The settlement agreement does not detail how much each company will have to pay of the $30 million settlement and Bamberg’s law office said that would not be released.
The exact age of the poles isn’t known because records are no longer available. Markings on them haven’t been made in over 60 years. However, the 69-year-old mayor of Wagener said shortly after Robinson’s death that he recognized a bottlecap he had nailed to one of the poles when he was a boy.
The lawsuit included several photos of utility poles and other equipment that the defendants said show “decrepit infrastructure in Wagener that is dangerous to the public, abandoned, well outside its safe and effective operational life, and needs replacement or removal.”

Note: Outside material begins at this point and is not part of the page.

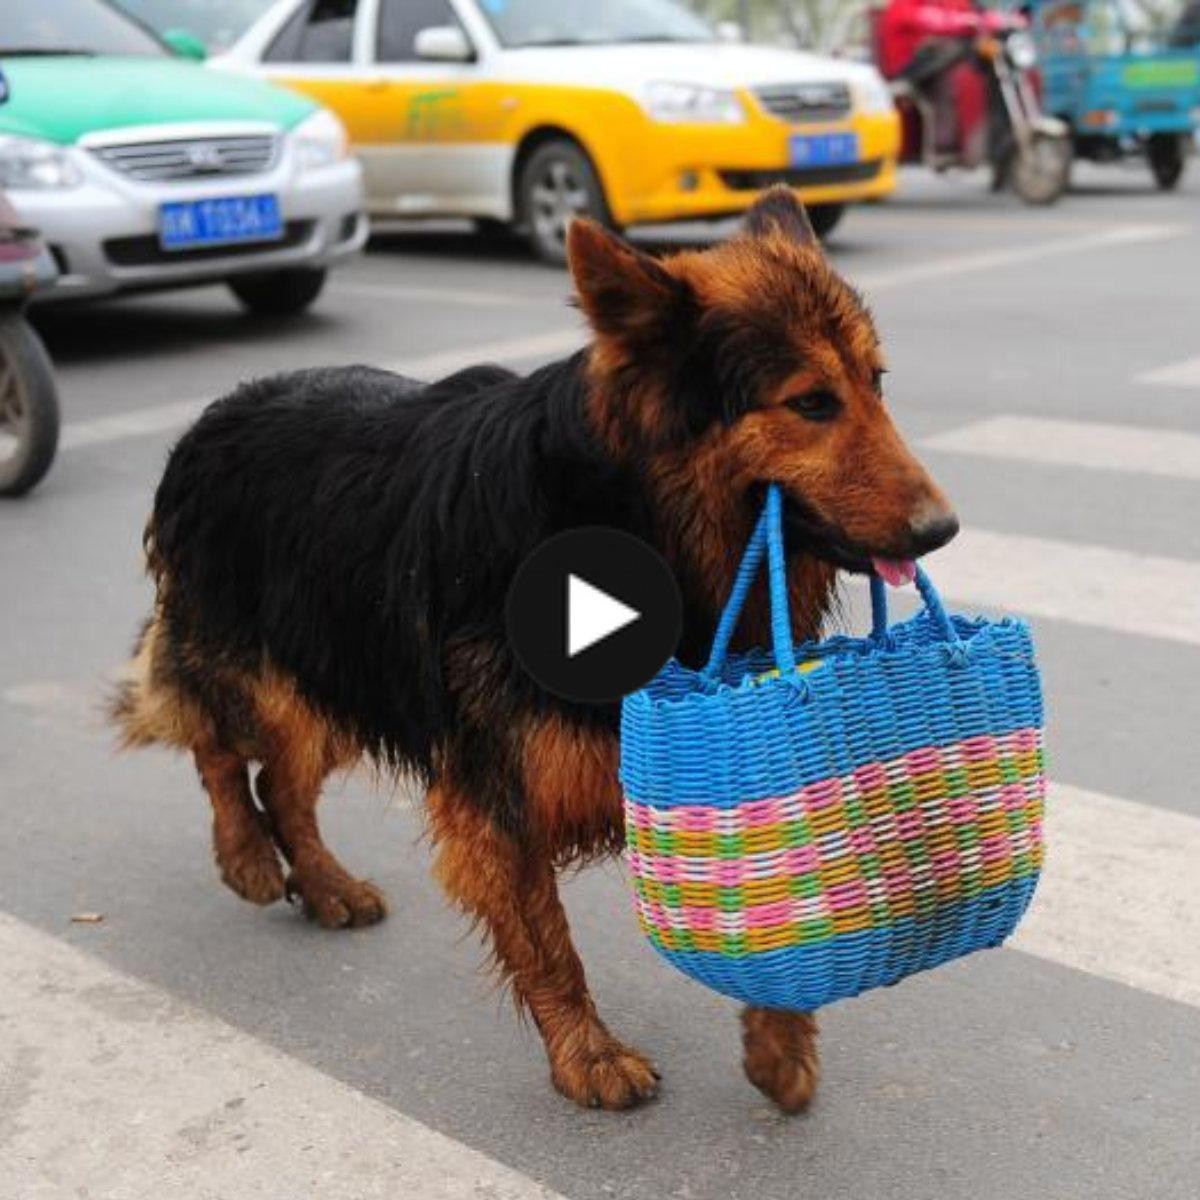 Daily dedication: Max the dog inspires millions of people with his touching affection by walking more than 3 km every day to get food for an elderly person at home.

A little more than a month before Robinson’s death, Dominion announced a plan to begin replacing equipment that was more than 60 years old in Wagener.
Bamberg said he hopes Dominion and Comporium will use the tragedy to pay attention to inspecting and replacing aging utility poles and other infrastructure that are potentially dangerous, especially in small towns.
Dominion spokeswoman Rhonda Maree O’Banion said in a statement that the company was pleased to resolve the case and extended its deepest sympathies to Robinson’s family.
The Associated Press left phone and email messages with Comporium.
The family plans to use some of the settlement to create the “Jeunelle Robinson Teacher’s Hope Fund” to provide school supplies and other items to teachers around the country.
They remembered how Robinson worked her way up from a substitute to her job teaching at the high school and how she often spent her own money and time for her students.
“She loved her class. She loved her students,” Robinson’s father, Donovan Julian, said in March when the lawsuit was filed. “She was a light taken too soon. She was a joy.”